Our vlans are not summarisable.  Our network is scattered across a 10.x.x.x address scheme, segmented into 20+ vlans.  I would have a lot of entries to place in the hosts file of the email server.  Could I just put the gateway address 0.0.0.0 0.0.0.0 into the hosts file and have it work?  Would it use the routing table of the layer 3 switch to route between vlans and use the hosts file when it cannot find an entry in the routing table or would it use the layer 3 switch default route at that point and skip the host file?

Ken

Ken

If all your networks are 10.x.x.x then they don't need to be summarisable. All 10.x.x.x is not routable on the internet so you actually only need 2 routes entries ie.

ip route 10.0.0.0 255.0.0.0

ip route 0.0.0.0 0.0.0.0

Edit - in answer to your question host routes would take precedence.
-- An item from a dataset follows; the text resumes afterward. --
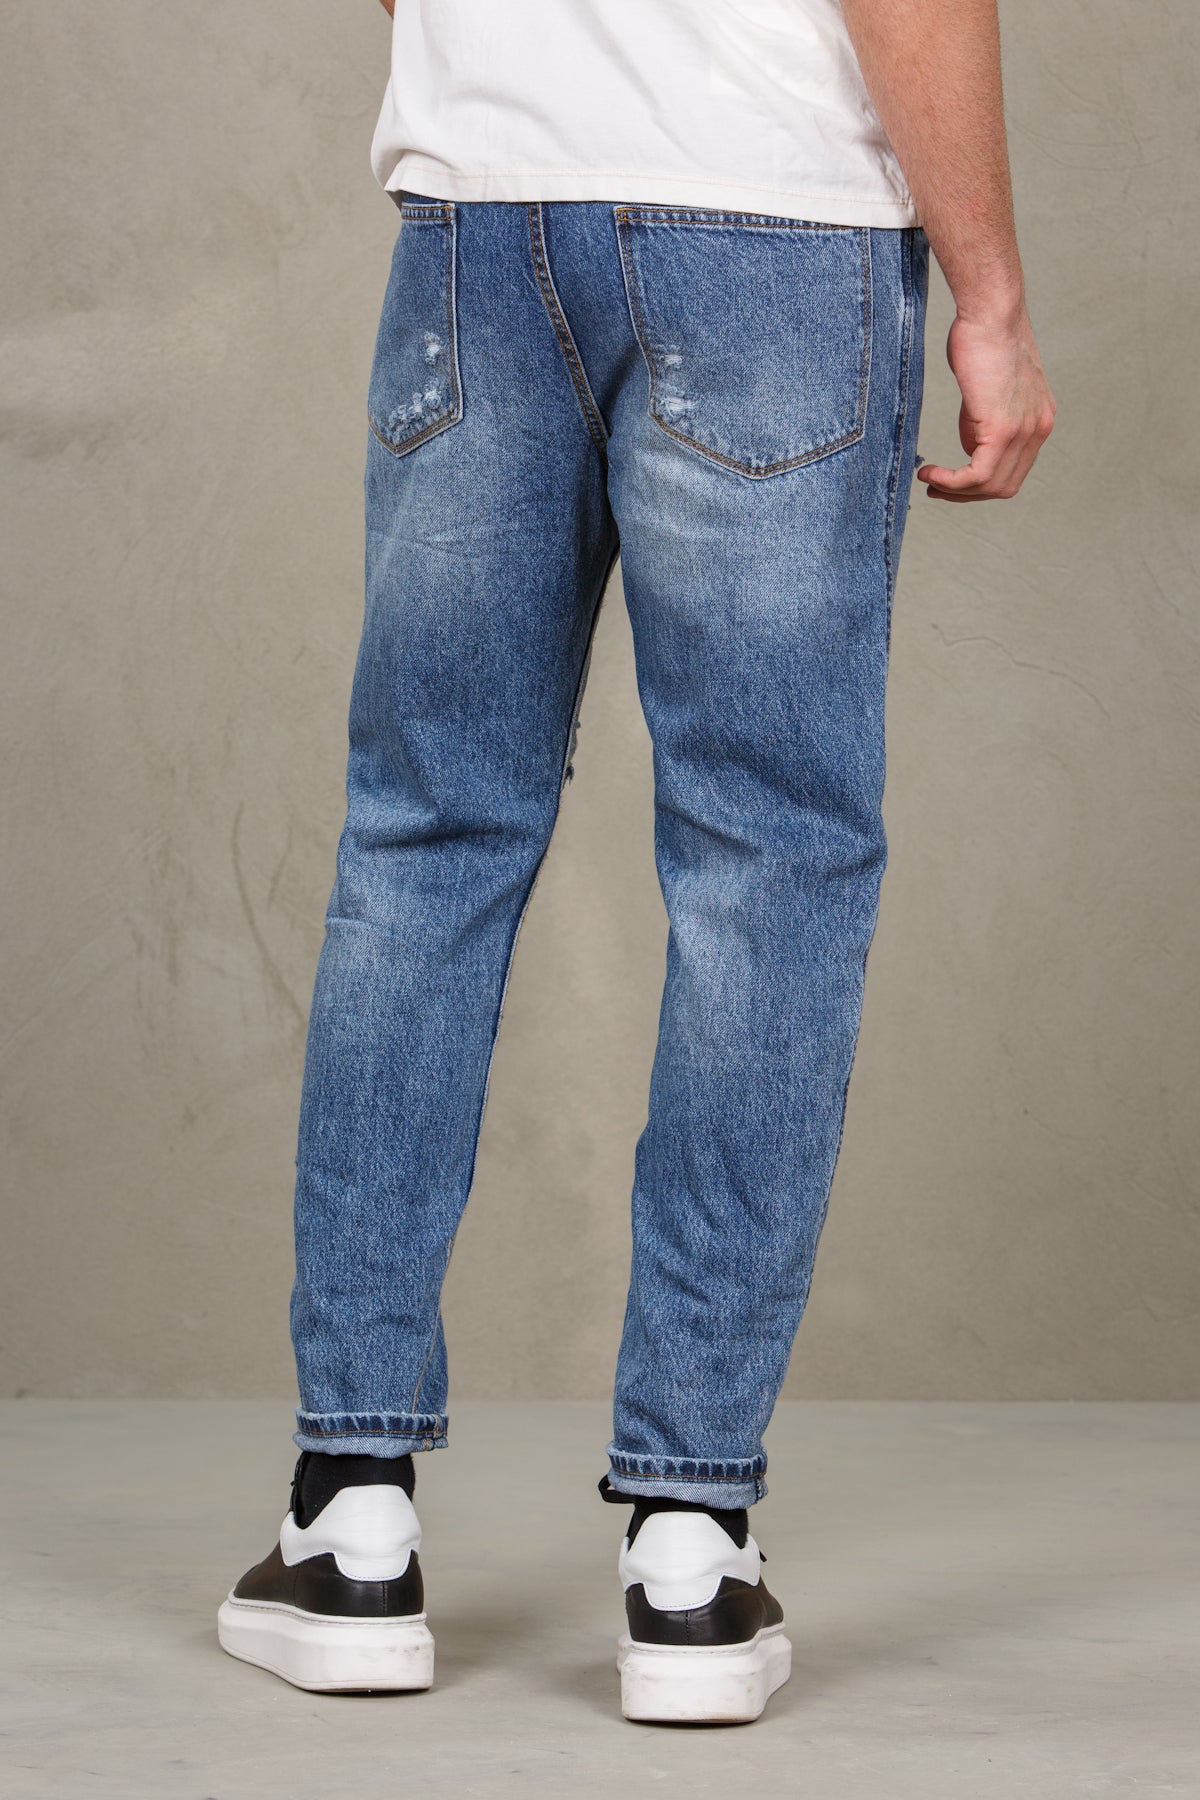 Pantalone jeans   con strappetti,  denim uomo  - 4

So with a default route it would send everything other than traffic for the server vlan to the firewall which is not what you want. Try the above 2 routes, it should work fine.

Jon

Edison Ortiz
Hall of Fame
Hall of Fame

Another option is changing the Exchange Server's default gateway to point to FW 2

and under the DOS prompt enter a persistent route add for network 10.0.0.0/8 pointing to your 3550 switch.

http://www.howtogeek.com/howto/windows/adding-a-tcpip-route-to-the-windows-routing-table/

Note: This will only work if the FW and Exchange server are on the same subnet.